WHAT YOU ARE ASKED TO DO: Return the entries below exactly as written.

--- START ---

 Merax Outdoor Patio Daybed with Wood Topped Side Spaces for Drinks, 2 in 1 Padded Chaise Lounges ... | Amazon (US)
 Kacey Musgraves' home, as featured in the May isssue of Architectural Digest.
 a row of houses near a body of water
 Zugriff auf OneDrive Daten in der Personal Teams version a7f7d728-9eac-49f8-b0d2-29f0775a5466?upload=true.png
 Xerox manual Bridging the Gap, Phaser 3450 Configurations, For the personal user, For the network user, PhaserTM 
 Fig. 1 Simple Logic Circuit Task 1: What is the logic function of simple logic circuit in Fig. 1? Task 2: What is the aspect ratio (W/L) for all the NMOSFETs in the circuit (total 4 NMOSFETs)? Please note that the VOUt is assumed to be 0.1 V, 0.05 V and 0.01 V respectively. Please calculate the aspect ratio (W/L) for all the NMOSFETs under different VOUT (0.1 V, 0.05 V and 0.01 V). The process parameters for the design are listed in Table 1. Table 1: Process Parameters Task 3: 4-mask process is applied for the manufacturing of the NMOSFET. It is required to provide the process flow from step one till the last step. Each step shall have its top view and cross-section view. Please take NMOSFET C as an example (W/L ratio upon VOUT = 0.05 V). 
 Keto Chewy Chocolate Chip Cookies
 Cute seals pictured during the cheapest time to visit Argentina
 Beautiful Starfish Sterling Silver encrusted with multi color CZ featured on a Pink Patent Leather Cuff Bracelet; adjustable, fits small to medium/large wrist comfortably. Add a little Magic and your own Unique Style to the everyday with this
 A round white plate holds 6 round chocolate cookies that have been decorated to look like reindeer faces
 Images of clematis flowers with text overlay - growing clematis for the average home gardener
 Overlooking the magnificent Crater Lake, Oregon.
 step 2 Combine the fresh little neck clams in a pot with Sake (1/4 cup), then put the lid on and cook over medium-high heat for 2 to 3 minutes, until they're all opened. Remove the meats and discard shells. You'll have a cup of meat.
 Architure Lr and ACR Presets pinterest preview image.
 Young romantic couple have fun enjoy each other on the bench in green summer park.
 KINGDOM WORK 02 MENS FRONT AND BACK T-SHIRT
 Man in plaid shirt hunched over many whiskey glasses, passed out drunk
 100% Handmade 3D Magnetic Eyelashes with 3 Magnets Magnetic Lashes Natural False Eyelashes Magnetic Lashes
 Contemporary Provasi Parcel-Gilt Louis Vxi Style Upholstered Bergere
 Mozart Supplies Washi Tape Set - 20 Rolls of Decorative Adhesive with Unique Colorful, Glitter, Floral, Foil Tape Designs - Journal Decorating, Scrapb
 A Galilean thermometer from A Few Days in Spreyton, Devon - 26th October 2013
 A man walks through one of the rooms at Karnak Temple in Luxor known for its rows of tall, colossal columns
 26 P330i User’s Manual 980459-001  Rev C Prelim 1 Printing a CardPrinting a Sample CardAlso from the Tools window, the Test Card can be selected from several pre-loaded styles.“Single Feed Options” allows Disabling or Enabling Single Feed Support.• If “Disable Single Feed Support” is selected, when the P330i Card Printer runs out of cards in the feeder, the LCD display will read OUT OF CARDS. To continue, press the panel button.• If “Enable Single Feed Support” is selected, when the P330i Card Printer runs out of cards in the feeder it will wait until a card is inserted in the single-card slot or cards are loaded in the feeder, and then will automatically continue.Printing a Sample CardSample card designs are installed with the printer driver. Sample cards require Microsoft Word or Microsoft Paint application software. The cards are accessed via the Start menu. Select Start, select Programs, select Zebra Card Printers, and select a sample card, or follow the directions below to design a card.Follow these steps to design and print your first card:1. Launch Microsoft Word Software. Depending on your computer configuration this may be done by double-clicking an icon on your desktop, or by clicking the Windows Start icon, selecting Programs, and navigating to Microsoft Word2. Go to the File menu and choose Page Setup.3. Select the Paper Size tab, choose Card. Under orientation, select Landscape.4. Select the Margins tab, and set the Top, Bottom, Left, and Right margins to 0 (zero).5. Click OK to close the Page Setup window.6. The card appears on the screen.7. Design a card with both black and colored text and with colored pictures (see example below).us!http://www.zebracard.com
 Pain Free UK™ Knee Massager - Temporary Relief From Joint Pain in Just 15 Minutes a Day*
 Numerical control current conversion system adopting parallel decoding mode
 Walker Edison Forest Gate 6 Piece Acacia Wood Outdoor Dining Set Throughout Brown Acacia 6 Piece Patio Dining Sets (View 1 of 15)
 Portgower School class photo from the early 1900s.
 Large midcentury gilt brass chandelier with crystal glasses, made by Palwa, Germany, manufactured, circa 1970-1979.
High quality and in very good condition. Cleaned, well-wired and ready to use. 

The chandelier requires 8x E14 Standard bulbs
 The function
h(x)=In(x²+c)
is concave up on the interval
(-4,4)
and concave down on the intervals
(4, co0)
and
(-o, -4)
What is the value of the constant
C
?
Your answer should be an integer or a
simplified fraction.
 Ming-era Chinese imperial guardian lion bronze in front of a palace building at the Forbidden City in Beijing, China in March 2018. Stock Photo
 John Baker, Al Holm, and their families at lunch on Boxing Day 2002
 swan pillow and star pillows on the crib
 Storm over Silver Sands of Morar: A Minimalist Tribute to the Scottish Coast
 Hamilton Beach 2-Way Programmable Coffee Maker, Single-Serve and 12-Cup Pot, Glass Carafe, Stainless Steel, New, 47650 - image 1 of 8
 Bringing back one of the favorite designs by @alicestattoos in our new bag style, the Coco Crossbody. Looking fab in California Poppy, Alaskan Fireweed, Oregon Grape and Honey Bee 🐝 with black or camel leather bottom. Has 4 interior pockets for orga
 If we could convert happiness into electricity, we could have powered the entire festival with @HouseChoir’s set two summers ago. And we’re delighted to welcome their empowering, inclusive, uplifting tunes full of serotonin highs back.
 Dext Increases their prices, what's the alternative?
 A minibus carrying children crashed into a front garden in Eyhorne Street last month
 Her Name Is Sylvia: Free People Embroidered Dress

--- END ---

RESULT BELOW:
 Merax Outdoor Patio Daybed with Wood Topped Side Spaces for Drinks, 2 in 1 Padded Chaise Lounges ... | Amazon (US)
 Kacey Musgraves' home, as featured in the May isssue of Architectural Digest.
 a row of houses near a body of water
 Zugriff auf OneDrive Daten in der Personal Teams version a7f7d728-9eac-49f8-b0d2-29f0775a5466?upload=true.png
 Xerox manual Bridging the Gap, Phaser 3450 Configurations, For the personal user, For the network user, PhaserTM 
 Fig. 1 Simple Logic Circuit Task 1: What is the logic function of simple logic circuit in Fig. 1? Task 2: What is the aspect ratio (W/L) for all the NMOSFETs in the circuit (total 4 NMOSFETs)? Please note that the VOUt is assumed to be 0.1 V, 0.05 V and 0.01 V respectively. Please calculate the aspect ratio (W/L) for all the NMOSFETs under different VOUT (0.1 V, 0.05 V and 0.01 V). The process parameters for the design are listed in Table 1. Table 1: Process Parameters Task 3: 4-mask process is applied for the manufacturing of the NMOSFET. It is required to provide the process flow from step one till the last step. Each step shall have its top view and cross-section view. Please take NMOSFET C as an example (W/L ratio upon VOUT = 0.05 V). 
 Keto Chewy Chocolate Chip Cookies
 Cute seals pictured during the cheapest time to visit Argentina
 Beautiful Starfish Sterling Silver encrusted with multi color CZ featured on a Pink Patent Leather Cuff Bracelet; adjustable, fits small to medium/large wrist comfortably. Add a little Magic and your own Unique Style to the everyday with this
 A round white plate holds 6 round chocolate cookies that have been decorated to look like reindeer faces
 Images of clematis flowers with text overlay - growing clematis for the average home gardener
 Overlooking the magnificent Crater Lake, Oregon.
 step 2 Combine the fresh little neck clams in a pot with Sake (1/4 cup), then put the lid on and cook over medium-high heat for 2 to 3 minutes, until they're all opened. Remove the meats and discard shells. You'll have a cup of meat.
 Architure Lr and ACR Presets pinterest preview image.
 Young romantic couple have fun enjoy each other on the bench in green summer park.
 KINGDOM WORK 02 MENS FRONT AND BACK T-SHIRT
 Man in plaid shirt hunched over many whiskey glasses, passed out drunk
 100% Handmade 3D Magnetic Eyelashes with 3 Magnets Magnetic Lashes Natural False Eyelashes Magnetic Lashes
 Contemporary Provasi Parcel-Gilt Louis Vxi Style Upholstered Bergere
 Mozart Supplies Washi Tape Set - 20 Rolls of Decorative Adhesive with Unique Colorful, Glitter, Floral, Foil Tape Designs - Journal Decorating, Scrapb
 A Galilean thermometer from A Few Days in Spreyton, Devon - 26th October 2013
 A man walks through one of the rooms at Karnak Temple in Luxor known for its rows of tall, colossal columns
 26 P330i User’s Manual 980459-001  Rev C Prelim 1 Printing a CardPrinting a Sample CardAlso from the Tools window, the Test Card can be selected from several pre-loaded styles.“Single Feed Options” allows Disabling or Enabling Single Feed Support.• If “Disable Single Feed Support” is selected, when the P330i Card Printer runs out of cards in the feeder, the LCD display will read OUT OF CARDS. To continue, press the panel button.• If “Enable Single Feed Support” is selected, when the P330i Card Printer runs out of cards in the feeder it will wait until a card is inserted in the single-card slot or cards are loaded in the feeder, and then will automatically continue.Printing a Sample CardSample card designs are installed with the printer driver. Sample cards require Microsoft Word or Microsoft Paint application software. The cards are accessed via the Start menu. Select Start, select Programs, select Zebra Card Printers, and select a sample card, or follow the directions below to design a card.Follow these steps to design and print your first card:1. Launch Microsoft Word Software. Depending on your computer configuration this may be done by double-clicking an icon on your desktop, or by clicking the Windows Start icon, selecting Programs, and navigating to Microsoft Word2. Go to the File menu and choose Page Setup.3. Select the Paper Size tab, choose Card. Under orientation, select Landscape.4. Select the Margins tab, and set the Top, Bottom, Left, and Right margins to 0 (zero).5. Click OK to close the Page Setup window.6. The card appears on the screen.7. Design a card with both black and colored text and with colored pictures (see example below).us!http://www.zebracard.com
 Pain Free UK™ Knee Massager - Temporary Relief From Joint Pain in Just 15 Minutes a Day*
 Numerical control current conversion system adopting parallel decoding mode
 Walker Edison Forest Gate 6 Piece Acacia Wood Outdoor Dining Set Throughout Brown Acacia 6 Piece Patio Dining Sets (View 1 of 15)
 Portgower School class photo from the early 1900s.
 Large midcentury gilt brass chandelier with crystal glasses, made by Palwa, Germany, manufactured, circa 1970-1979.
High quality and in very good condition. Cleaned, well-wired and ready to use. 

The chandelier requires 8x E14 Standard bulbs
 The function
h(x)=In(x²+c)
is concave up on the interval
(-4,4)
and concave down on the intervals
(4, co0)
and
(-o, -4)
What is the value of the constant
C
?
Your answer should be an integer or a
simplified fraction.
 Ming-era Chinese imperial guardian lion bronze in front of a palace building at the Forbidden City in Beijing, China in March 2018. Stock Photo
 John Baker, Al Holm, and their families at lunch on Boxing Day 2002
 swan pillow and star pillows on the crib
 Storm over Silver Sands of Morar: A Minimalist Tribute to the Scottish Coast
 Hamilton Beach 2-Way Programmable Coffee Maker, Single-Serve and 12-Cup Pot, Glass Carafe, Stainless Steel, New, 47650 - image 1 of 8
 Bringing back one of the favorite designs by @alicestattoos in our new bag style, the Coco Crossbody. Looking fab in California Poppy, Alaskan Fireweed, Oregon Grape and Honey Bee 🐝 with black or camel leather bottom. Has 4 interior pockets for orga
 If we could convert happiness into electricity, we could have powered the entire festival with @HouseChoir’s set two summers ago. And we’re delighted to welcome their empowering, inclusive, uplifting tunes full of serotonin highs back.
 Dext Increases their prices, what's the alternative?
 A minibus carrying children crashed into a front garden in Eyhorne Street last month
 Her Name Is Sylvia: Free People Embroidered Dress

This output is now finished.